The role of baroreceptors in the development of hypertension
The baroreceptors of the carotid sinus sit at the bifurcation of the common carotid artery and are mechanoreceptors that respond to vascular distention. The carotid baroreflex is an important component in the control of both short-term and long-term fluctuations in blood pressure. The reflex is initiated by stimulation of stretch-sensitive afferent nerve endings found within the common carotid artery bifurcation3. The stimulation of these receptors in response to vascular distention from either elevated BP or increased intravascular volume acts to dampen increases in blood pressure.
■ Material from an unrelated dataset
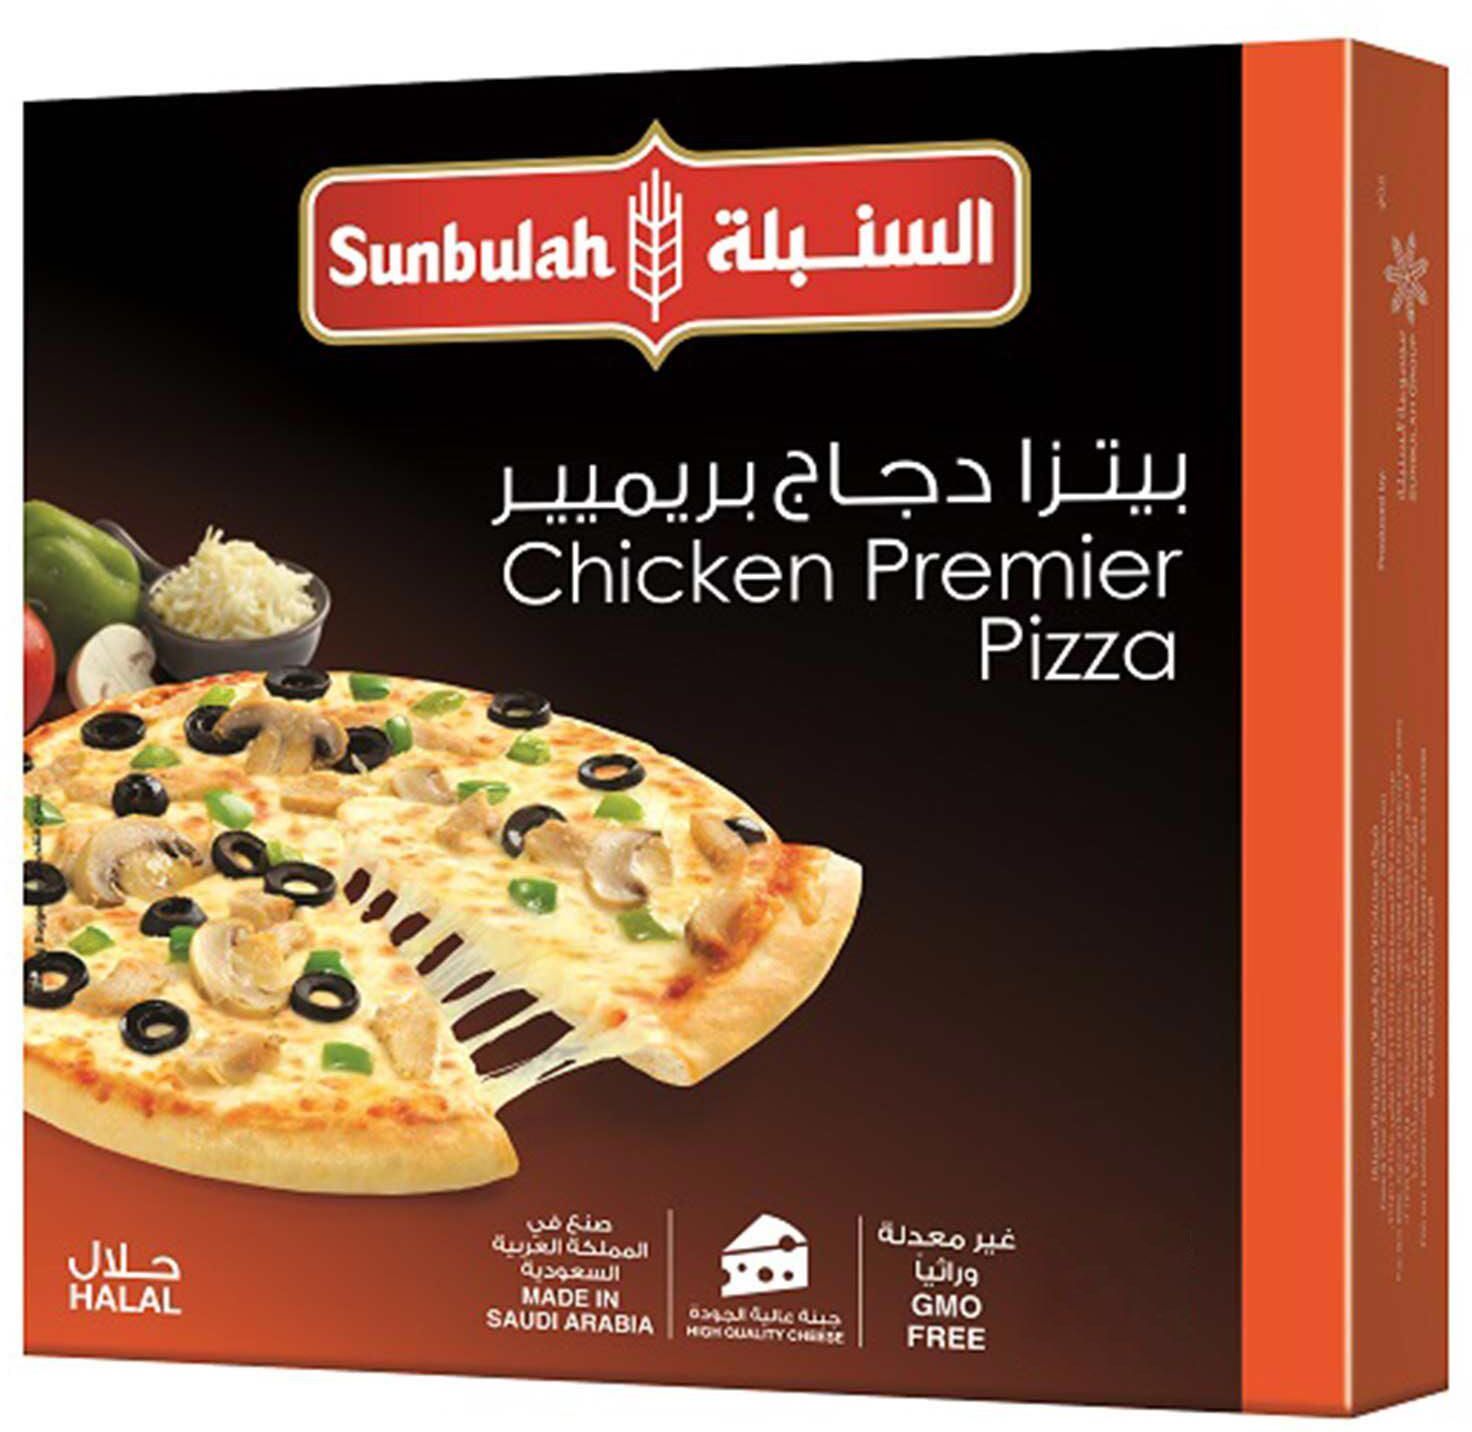 Sunbulah chicken pizza 470 g

In response to a sensed “stretch,” the baroreceptor sends a signal that travels from the carotid sinus nerve to join cranial nerve IX (CN IX), eventually signalling the nucleus tractus solitarius in the medulla4. Ultimately, this leads to an inhibition of sympathetic output, along with a decrease in the heart rate, cardiac contractility as well as the release of renin-angiotensin-aldosterone system (RAAS) and ADH, which serves to reduce intravascular volume and tone4, Figure 1.
Figure 1. The effect of baroreceptors on the maintenance of blood pressure regulation.
Baroreceptor activation therapy (BAT)
Direct stimulation of the baroreceptor should lower blood pressure. Early carotid sinus stimulating devices were bulkier and more frequently a cause of postural hypotension, localised nerve and soft tissue irritation. They also commonly required adjustment of electrical stimulation5.
The original Rheos Hypertension System is (Rheos System; CVRx Inc., Minneapolis, MN, USA) an implantable carotid sinus baroreceptor stimulator targeted to treat patients with resistant hypertension. It is comprised of three components: 1) Rheos Implantable Pulse Generator; 2) bilateral Rheos Carotid Sinus Leads (CSL); and 3) Rheos Programmer System6, Figure 2. The generator itself is comprised of a battery and circuit system that activates the receptors with variable amounts of energy in a temporally varying pattern via the carotid leads. The Rheos Programmer System is a computer-based programming system that allows noninvasive communication with and control of the generator via radiofrequency coupling. The generator is directly connected to the leads, which measure 50 cm in length.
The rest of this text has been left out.